The minimum inhibitory concentration (MIC) was considered to be the lowest concentration of the tested compound which inhibits growth of the microorganisms. The initial screening of the tested compounds showed promising activity of the compounds 5c, 9, 30 and 31 which encouraged the determination of their minimum inhibitory concentration (MIC) (
The best results were demonstrated by compounds 9, 30 and 31 as antibacteria, it possessed double the activity of the standard, Ampicillin against Bacillus subtilis RCMB 010067 (BS) 1.95 and 3.9 μg/ml respectively. Moderate activity against Staphylococcus aureus RCMB 0100010 (SA) and Escherichia coli RCMB 010052 (EC) were also demonstrated by compounds 9 and 30. On other hand moderate activity against Aspergillus fumigatus RCMB 02568 (AF) and Candida albicans RCMB 05036 (CA) were also demonstrated by compounds 5c and 31.
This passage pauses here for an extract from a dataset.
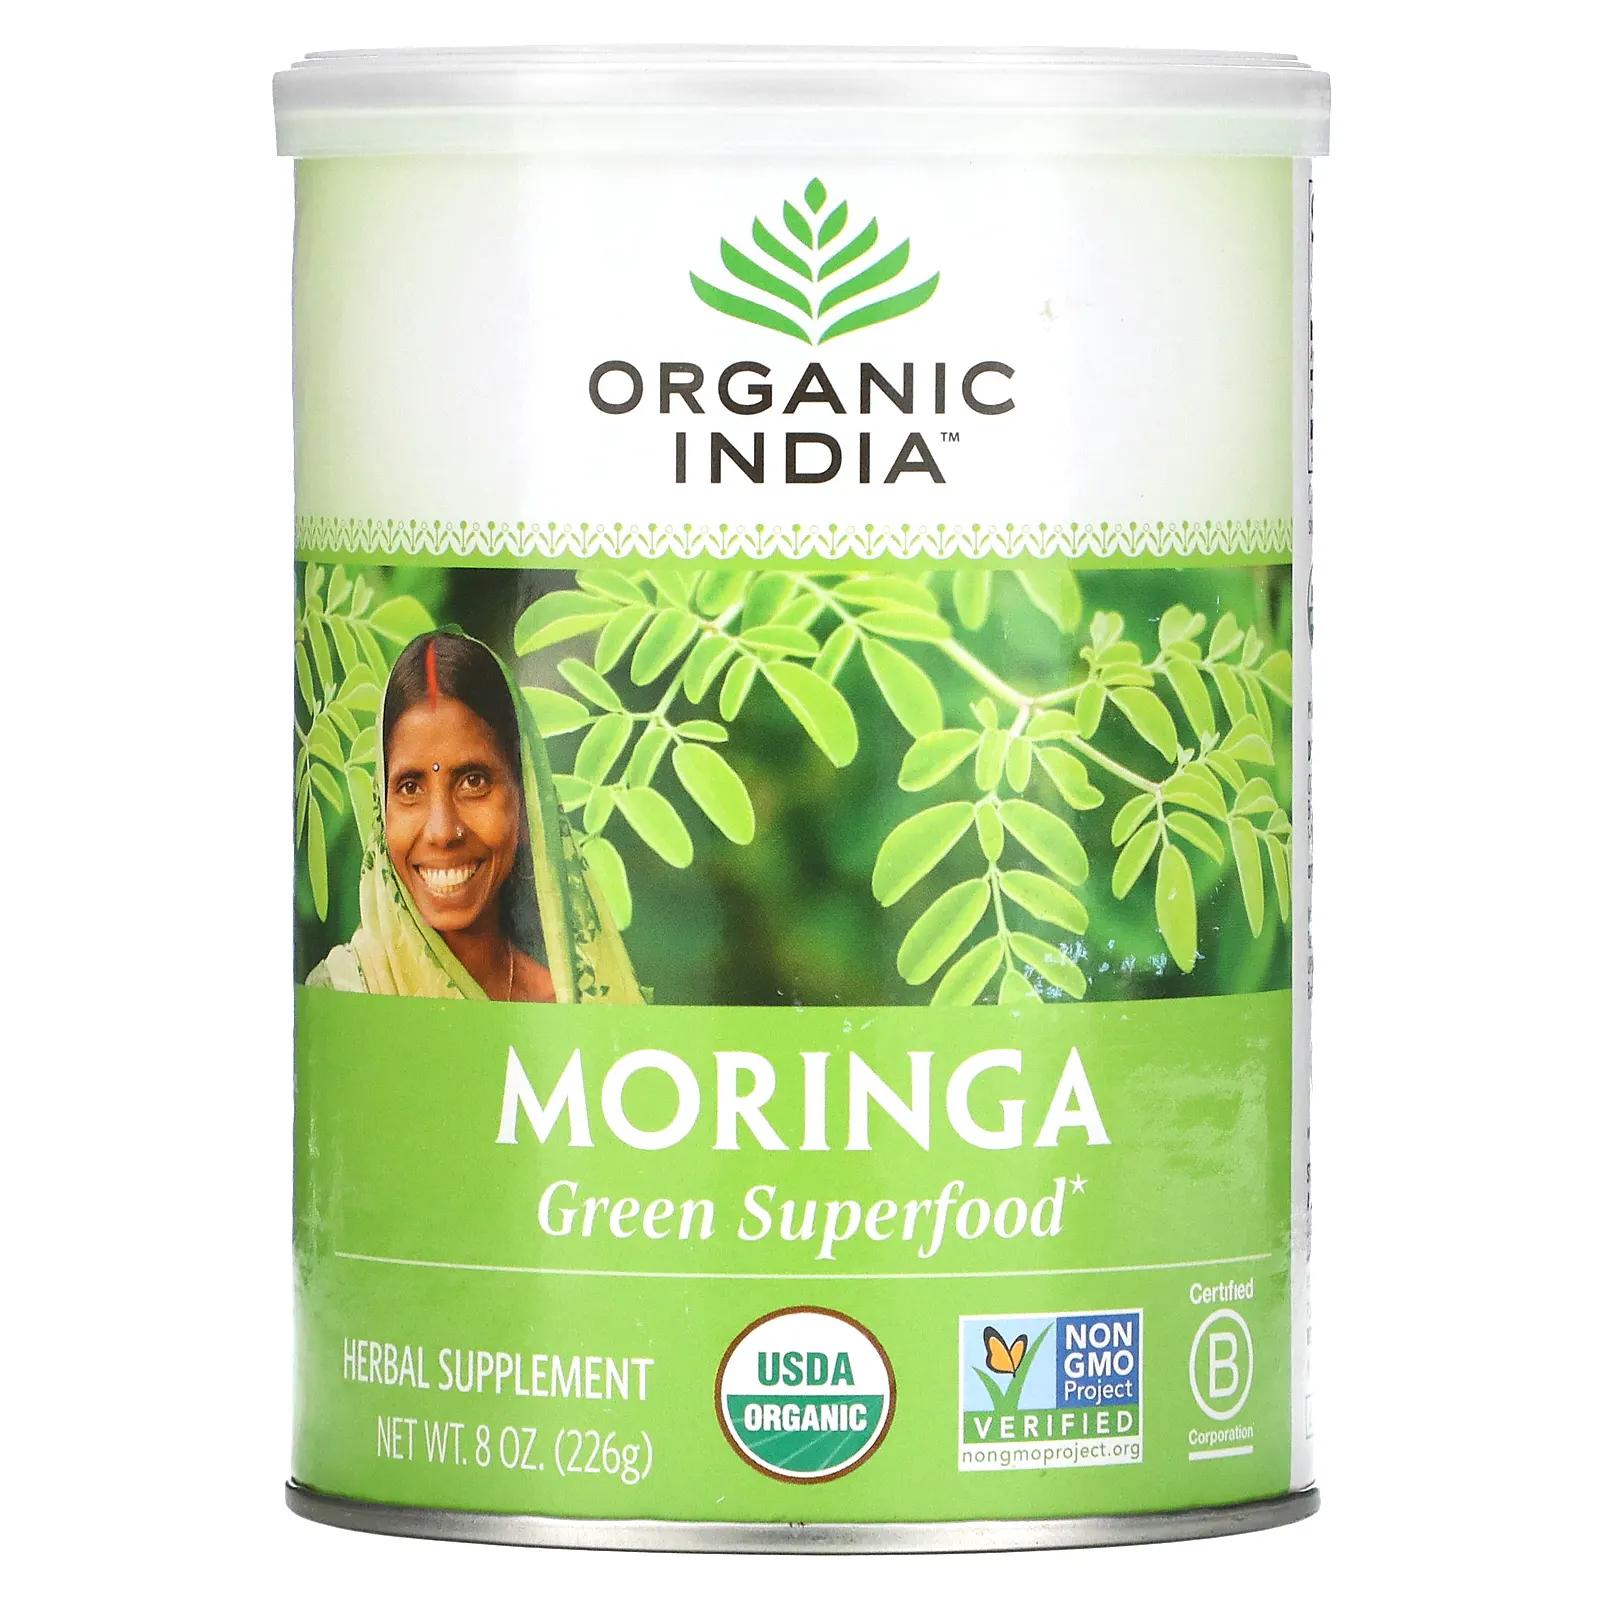 Organic India Порошок листов органической моринги 8 унц. (226 г) organic india amla 90 vegetarian caps

Comp. No. | Inhibition % ± standard deviation | |||||
---|---|---|---|---|---|---|
Gram positive bacteria | Ggram negative e bacteria | Fungal | ||||
SA | BS | PA | ES | AF | CA | |
5c | 56.85 ± 0.58 | 68.32 ± 1.2 | NA | 46.32 ± 0.58 | 89.25 ± 0.72 | 80.23 ± 1.2 |
7 | 21.25 ± 0.58 | 25.63 ± 0.28 | NA | 14.63 ± 0.2 | 11.22 ± 0.28 | 9.32 ± 0.72 |
9 | 82.63 ± 0.75 | 90.42 ± 0.28 | NA | 72.46 ± 0.28 | 64.35 ± 0.58 | 52.14 ± 0.63 |
11 | 76.8 ± 0.58 | 89.4 ± 0.63 | NA | 63.5 ± 0.72 | 90.3 ± 0.58 | 83.6 ± 0.28 |
13a | 72.14 ± 0.58 | 81.32 ± 0.63 | NA | 64.21 ± 0.63 | 52.63 ± 0.58 | 42.18 ± 1.2 |
27 | 32.6 ± 0.63 | 40.4 ± 0.85 | NA | 23.6 ± 1.2 | 20.3 ± 1.2 | 15.4 ± 0.58 |
30 | 90.3 ± 1.2 | 92.4 ± 0.72 | NA | 71.6 ± 0.93 | 72.4 ± 0.58 | 62.5 ± 0.28 |
31 | 76.8 ± 0.58 | 89.4 ± 0.63 | NA | 63.5 ± 0.72 | 90.3 ± 0.58 | 83.6 ± 0.28 |
Ampicillin | 96.52 ± 0.2 | 99.65 ± 0.3 | ||||
Gentamicin | 89.23 ± 0.1 | 82.14 ± 0.3 | ||||
Amphotericin B | 96.25 ± 0.1 | 91.29 ± 0.1 |
Comp. No. | Minimum inhibitory concentration (µg/ml) | |||||
---|---|---|---|---|---|---|
Gram positive bacteria | Gram negative e bacteria | Fungi | ||||
SA | BS | PA | EC | AF | CA | |
5c | 31.25 | 15.63 | NA | 62.5 | 3.9 | 3.9 |
9 | 3.9 | 1.95 | NA | 7.81 | 15.63 | 31.25 |
30 | 1.95 | 1.95 | NA | 7.81 | 7.81 | 15.63 |
31 | 7.81 | 1.95 | NA | 15.63 | 1.95 | 3.9 |
Ampicillin | 0.98 | 3.9 | ||||
Gentamicin | 1.95 | 3.9 | ||||
Amphotericin B | 0.98 | 1.95 |
In the present work, we synthesized novel series of 3-substituted indole by reaction of indole-3-carboxaldehyde derivative with different reagents. Screening for some selected compounds was carried for their potential antibacterial, antifungal activity. Most of the tested compounds revealed better activity against the Gram-positive rather than the Gram negative bacteria. All test compounds were found to be inactive against Pseudomonas aeuroginosa. Compounds 9, 30 and 31 exhibited excellent activity against Staphylococcus aureus, Bacillus subtilis and Escherichia coli compared with the standards drugs, while compounds 5c, 11 and 31 have strong antifunger activity against Aspergillus fumigatus and Candida albicans comparable to Amphotericin B.